Ольга Викторовна шла и думала об этих детях. Маленький стриженный Ванька разбудил в её душе незаживающую рану. Она хорошо помнила, как сама попала в интернат, когда училась в третьем классе, как стояла часами возле окна, все ждала и ждала, что вот сейчас папа придет и заберет её отсюда. Мамы у неё не стало, когда девочка только пошла в школу, она скончалась при родах. А они с отцом остались вдвоем, не дождавшись из больницы ни маму, ни братишку.
Отец стал запивать горе вином, и как-то совсем быстро опустился. Девочка приходила из школы, а дома хоть шаром покати, отец пропивал всё. Так маленькая Оля попала в интернат, тоже сначала мечтала сбежать, а потом привыкла. Любовь к отцу никуда не делась, она как – будто опустилась на самое дно маленького сердечка, превратилась в тупую боль. И с этой болью прожила Ольга всю жизнь. Когда уходила из интерната, ей вслед махали и дети, и педагоги.
- Я вернусь, - пообещала Оля в первую очередь самой себе. И, закончив педагогическое училище, поступив заочно в институт, вернулась.
Ночью долго не могла уснуть, лежала рядом с мужем, прислушиваясь к дыханию маленькой дочки.
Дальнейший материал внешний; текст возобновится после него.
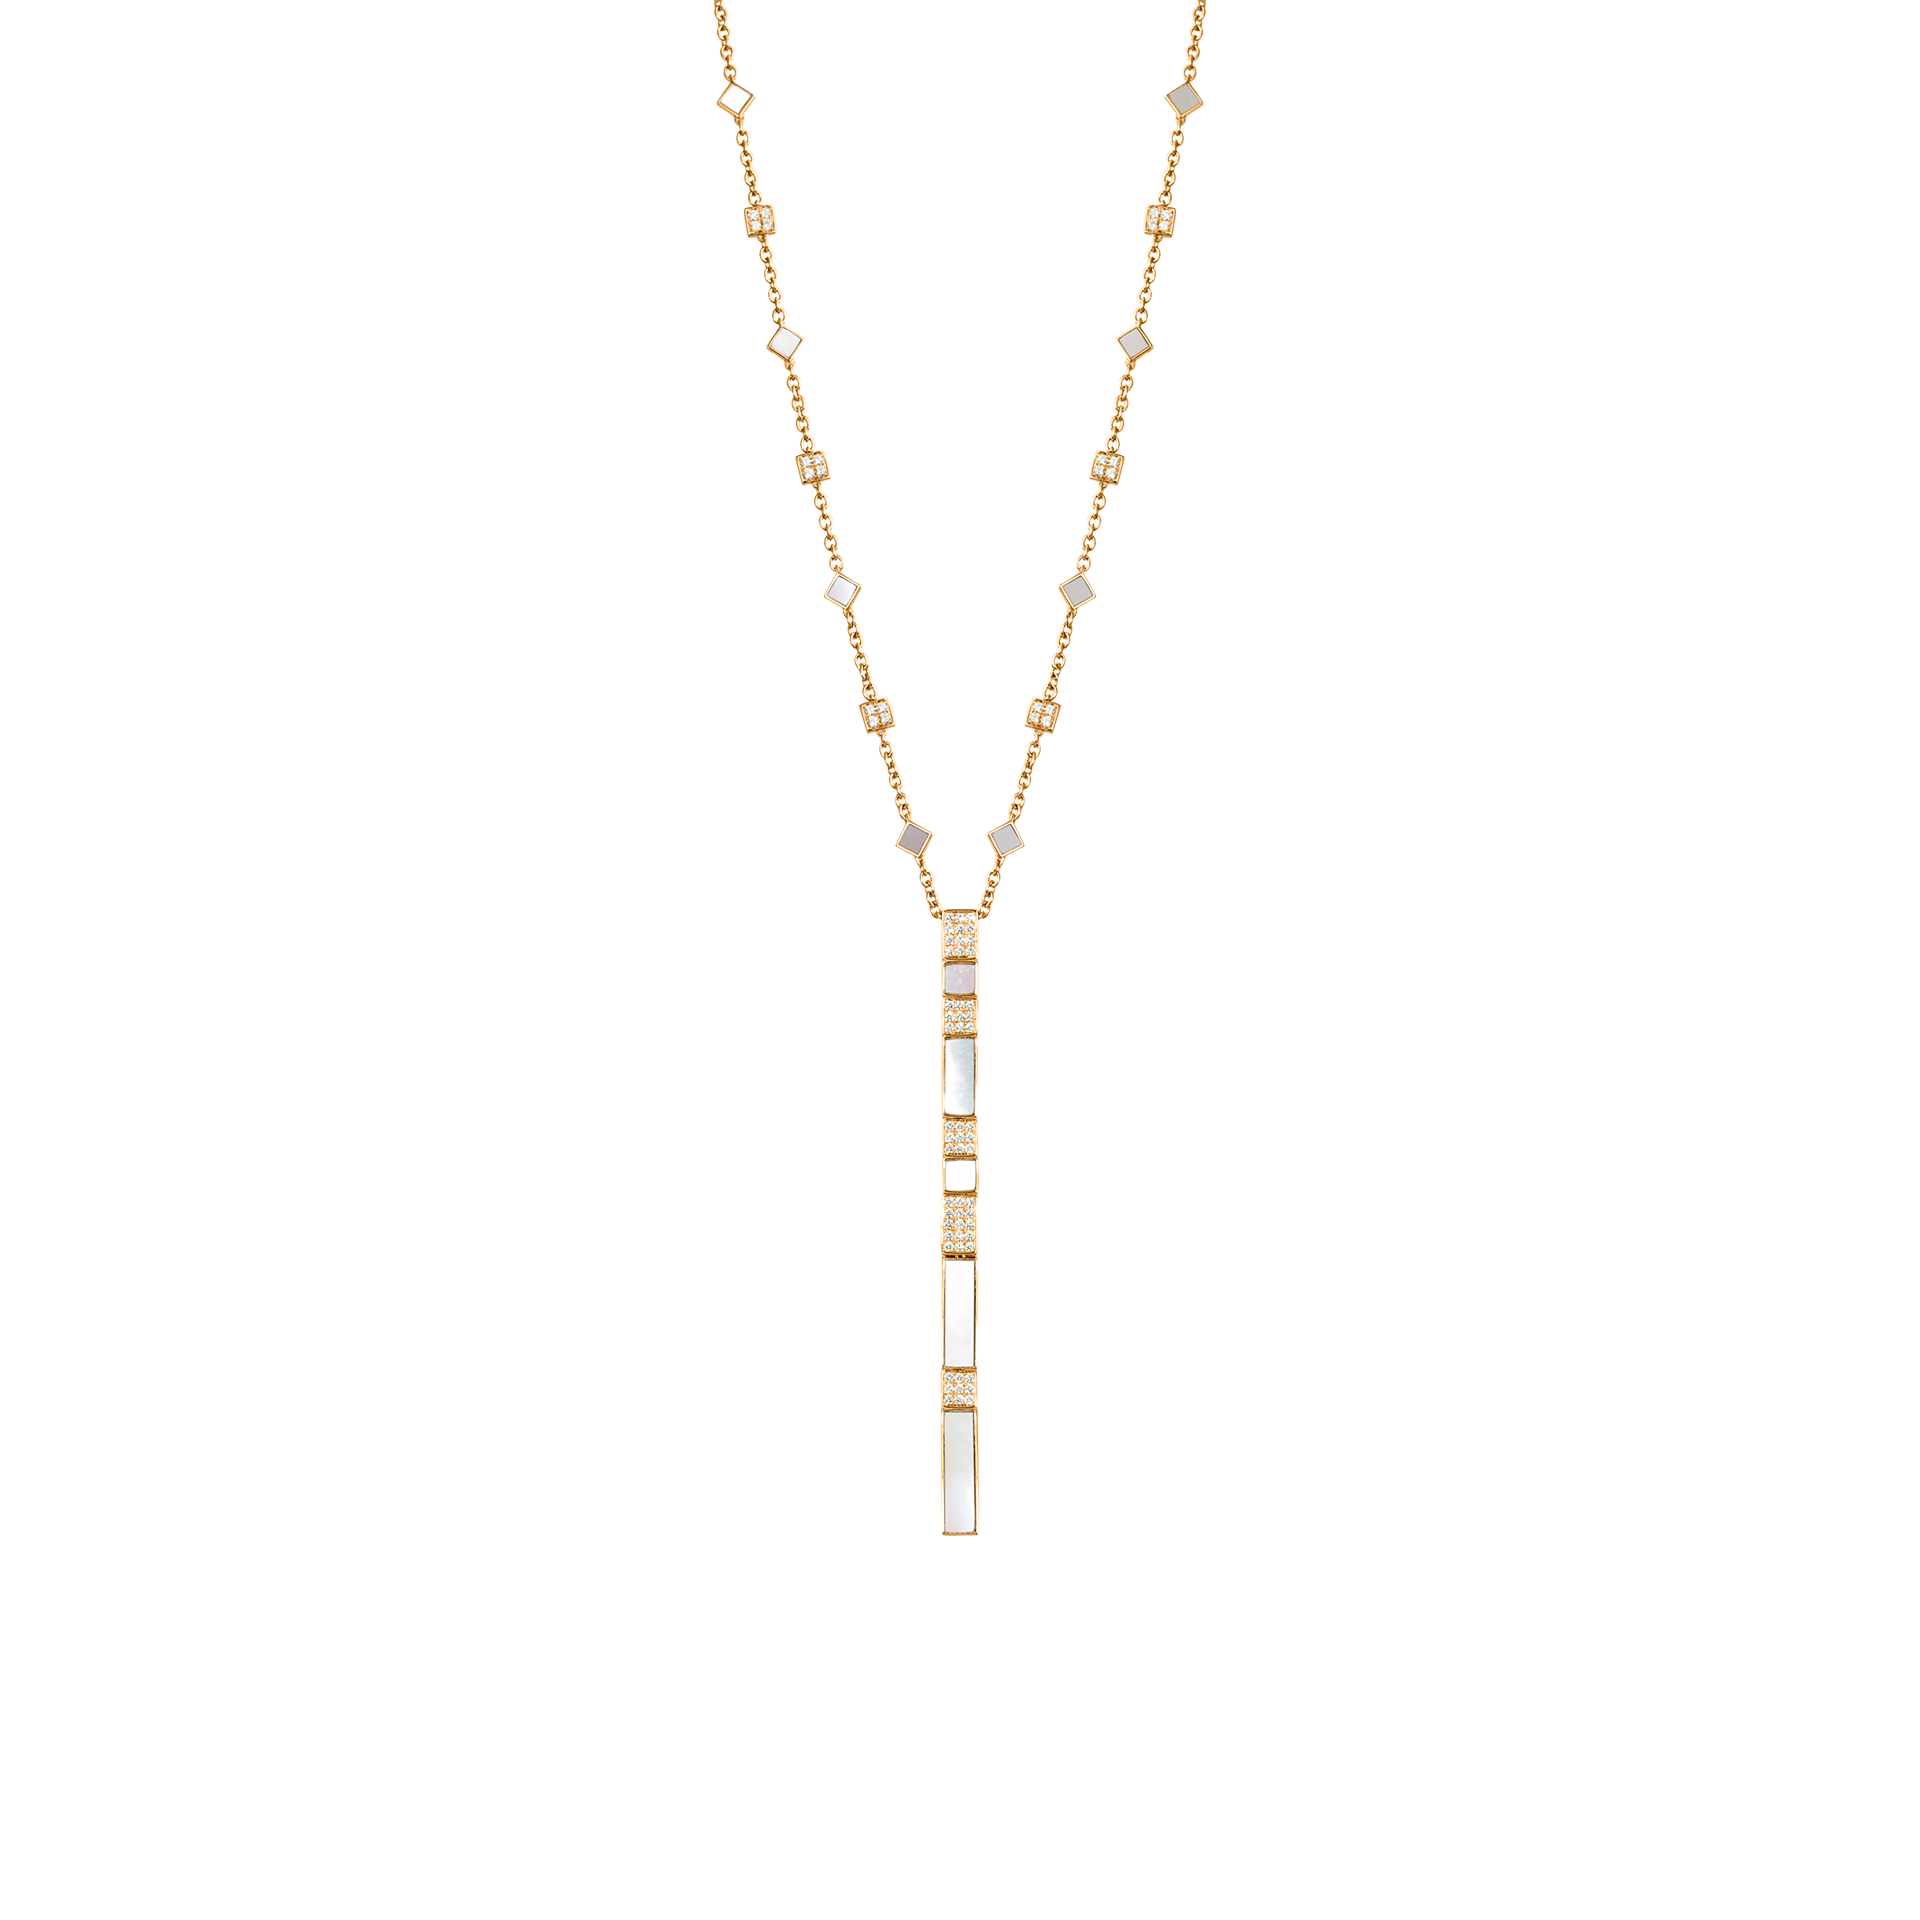 Nova White Mother of Pearl and Diamond Cascade Long Chain Pendant In 18K Yellow Gold

Муж проснулся, поняв, что Ольга не спит, спросил:
- О чем думаешь?
- Володя, я отца привезу, не могу я больше так.
- А если он запьет?
- Надо, чтобы не запил, ты пойми я с детьми работаю, рассказываю им, что родителей любить нужно, прощать им ошибки, а чувствую себя неискренней, лгуньей. Учу их хорошему, а в это время мой собственный отец может, где-то пьяный валяется.
Муж долго молчал, потом вздохнул:
- Хорошо, привози.
Повернулась к нему, обняла, прижалась к надежному родному плечу.
Через два дня уже входила в покосившуюся избушку, где обитал отец.
- Зачем приехала? За испорченное детство поиздеваться хочешь?
- Я за тобой, папа. Без тебя не уеду.
- Ты думаешь, я совесть свою пропил? Не поеду.
- Я тоже думала, что можно жить сегодняшним днем, радоваться тому, что есть: любимый муж, дочка. Но прошлое не отпускает, как рана кровоточит и болит.
Смотрела на отца, думала, как он постарел, на голове редкий седой волос, лицо в морщинах, а главное взгляд, в котором читалась тоска и безысходность. Настояла на своем, увезла отца.
Виктор с интересом разглядывал внучку, глаза не голубые, как у Оли, а карие, как у отца, и волосы потемнее и все-равно, чем-то неуловимо напоминает Ольгу в раннем детстве: такие же пухлые щечки, такая же радостная улыбка. Так же смотрит широко открытыми глазами, и без конца спрашивает.
- Те такое?
Повторяет за дедом новые слова, стараясь побыстрее запомнить. И так же легко и радостно на душе у него, как было в молодости при взгляде на дочку.
В выходной Ольга Викторовна дежурила в интернате, а дед с внучкой пошли гулять.
- Давай-ка, Аленка, пройдемся, посмотрим, где мама работает.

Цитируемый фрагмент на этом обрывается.